Но к газетам тянуло. Это была ежедневная пытка, от которой не уйти. Он бичевал себя газетой. «Вот, — злорадствовал он над собой, — вот стал уже Васька Спирин секретарем горкома партии. Давно ль ты ел с ним вместе бутерброды на заседаниях Губкомола?» Как быстро росли люди. Он не успевал угнаться за ними по газетным столбцам.
Что будет с ними через год, когда он вернется! К ним нельзя будет и подступиться. Они заважничают, зазнаются. Захотят ли они принять его! Небось продержат в приемной часок-другой, потом снисходительно примут. О нет, он не пойдет к ним. Ни за что. А куда же он пойдет? Что будет делать?

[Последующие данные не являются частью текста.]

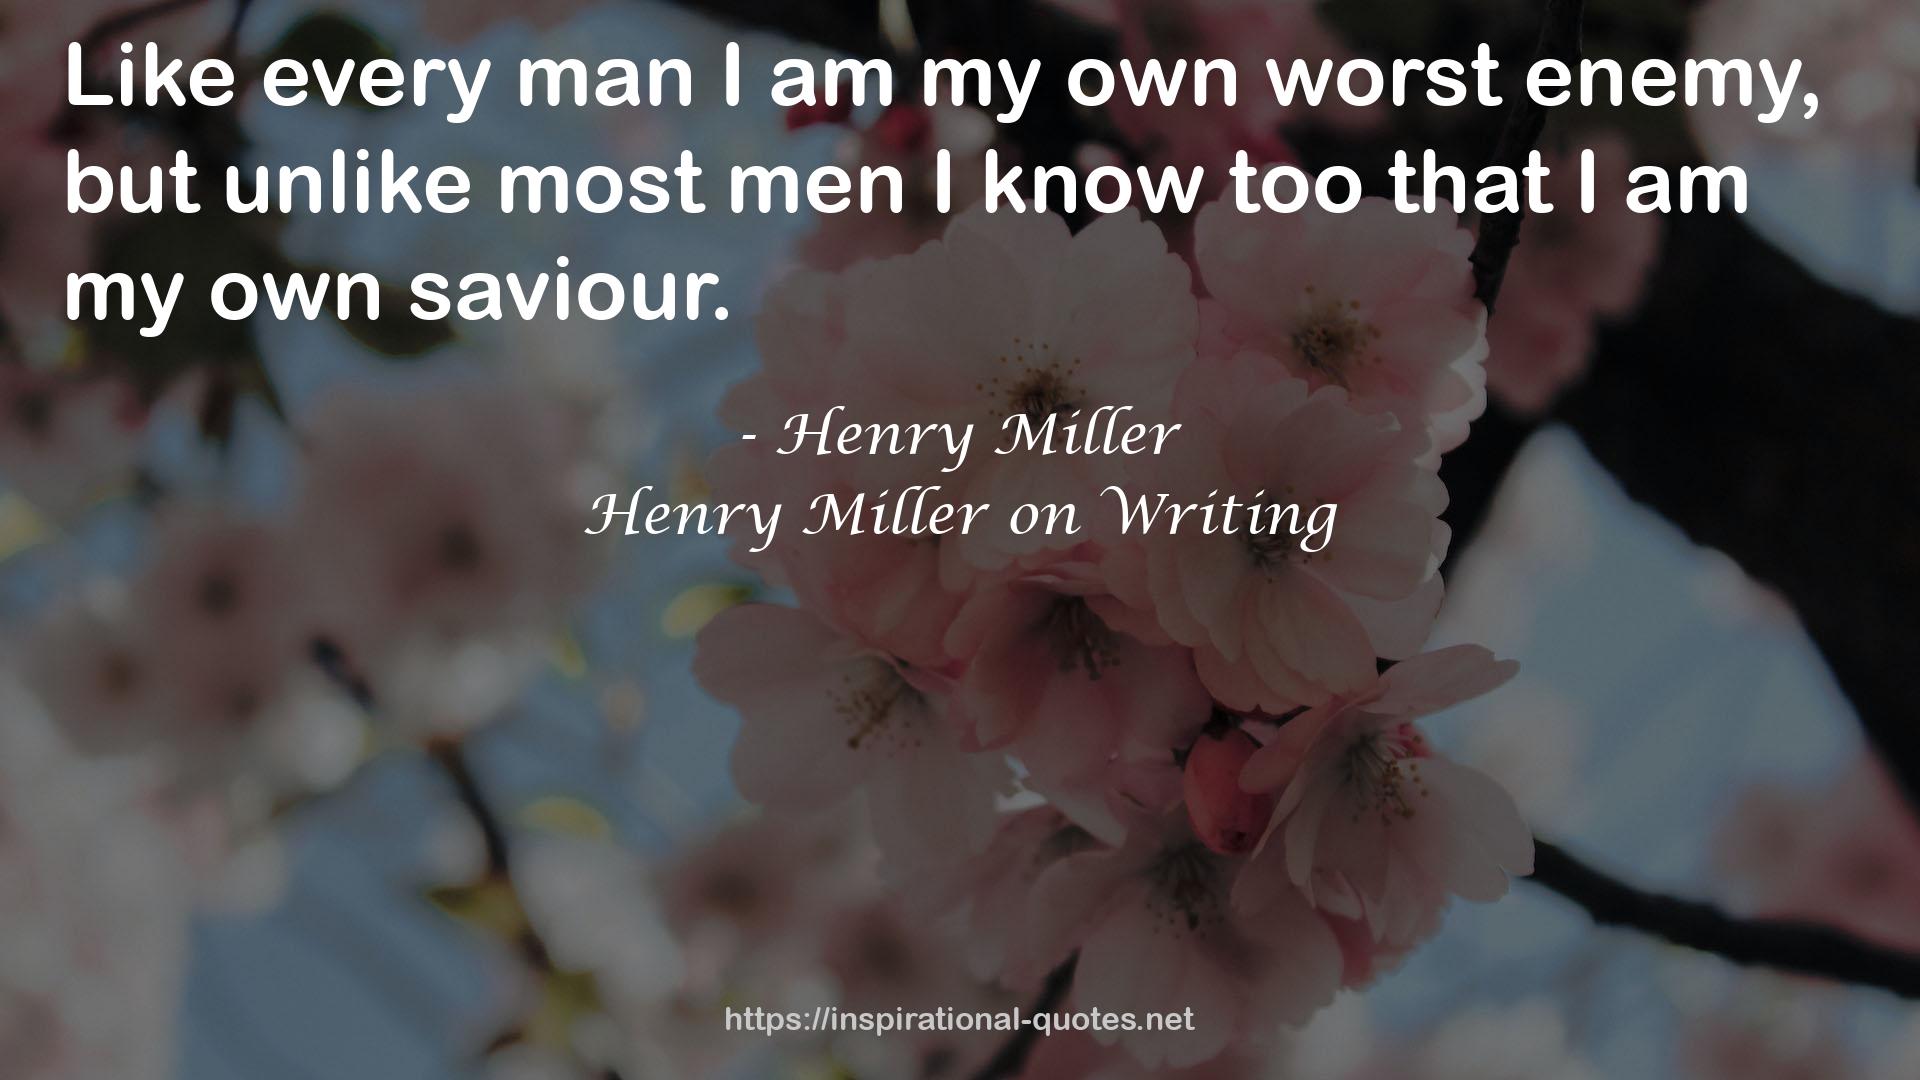 Henry Miller on Writing QUOTES

«После! После! После успею подумать!»
Теперь он хотел только одного, чтоб его оставили в покое, чтоб забыли о нем. Вычеркнули бы. Был такой Алексей Гайдаш. Умер. Погиб. Сорвался с небоскреба.
Но его не хотели оставлять в покое. Конопатин все чаще и чаще вел душеспасительные беседы. Политрук не понимал, что произошло с Гайдашем, но Гайдаш и сам не понимал этого. Беседы только озлобили его.
«Зачем со мной нянчатся? Я не ребенок». Он грубо отвечал командиру.
Однажды Конопатин сказал:
— Боюсь, что я могу поставить тебе диагноз, — у тебя «паньска хвороба», как говорят у вас на Украине. Откуда в тебе, в рабочем парне, эта болезнь — ума не приложу. Но факт, — паньска хвороба. Был пан, а теперь пропал, так ведь ты рассуждаешь? Глупо, не по-большевистски.
Он добился перевода Гайдаша в другой взвод. Ему казалось, что новая обстановка, новые товарищи изменят настроение Алеши. Гайдаш догадался об этом и покраснел от стыда и злости. «Вот как! Приняты экстраординарные меры, как к неизлечимому больному. Подсовывают кислородные подушки. Да не хочу я дышать кислородом, дайте воздуха или оставьте в покое». Лучше всего — оставьте в покое.
И в новом взводе он продолжал жить, как жил раньше. Нес службу без любви и чувства, ни с кем не дружил, отмалчивался, держался в стороне. А по вечерам, укладываясь спать, думал: «Вот и еще день прошел. Уже декабрь на ущербе. Сколько еще осталось? А дальше что?» Чтобы не думать, бросался в постель, накрывался с головой одеялом. Сон — лучшее лекарство от неприятных мыслей. Он умел теперь быстро засыпать.
Иногда вместе с ротой он ходил в клуб смотреть новую кинокартину. Шли строем, у клуба останавливались, — повзводно входили в зал. Там было уже много командиров, жен, детей. На сеансы всегда приходило все население полка. Это было одно из полковых развлечений. Детишки бегали по залу. Женщины громко разговаривали, смеялись. Алексею иногда случалось сидеть рядом с какой-нибудь девушкой, — он смущенно прятал тогда свои руки, ноги, съеживался весь. Он одичал немного. Чувствовал себя стесненно в серой, ворсистой шинели. От сапог пахло ворванью и дегтем.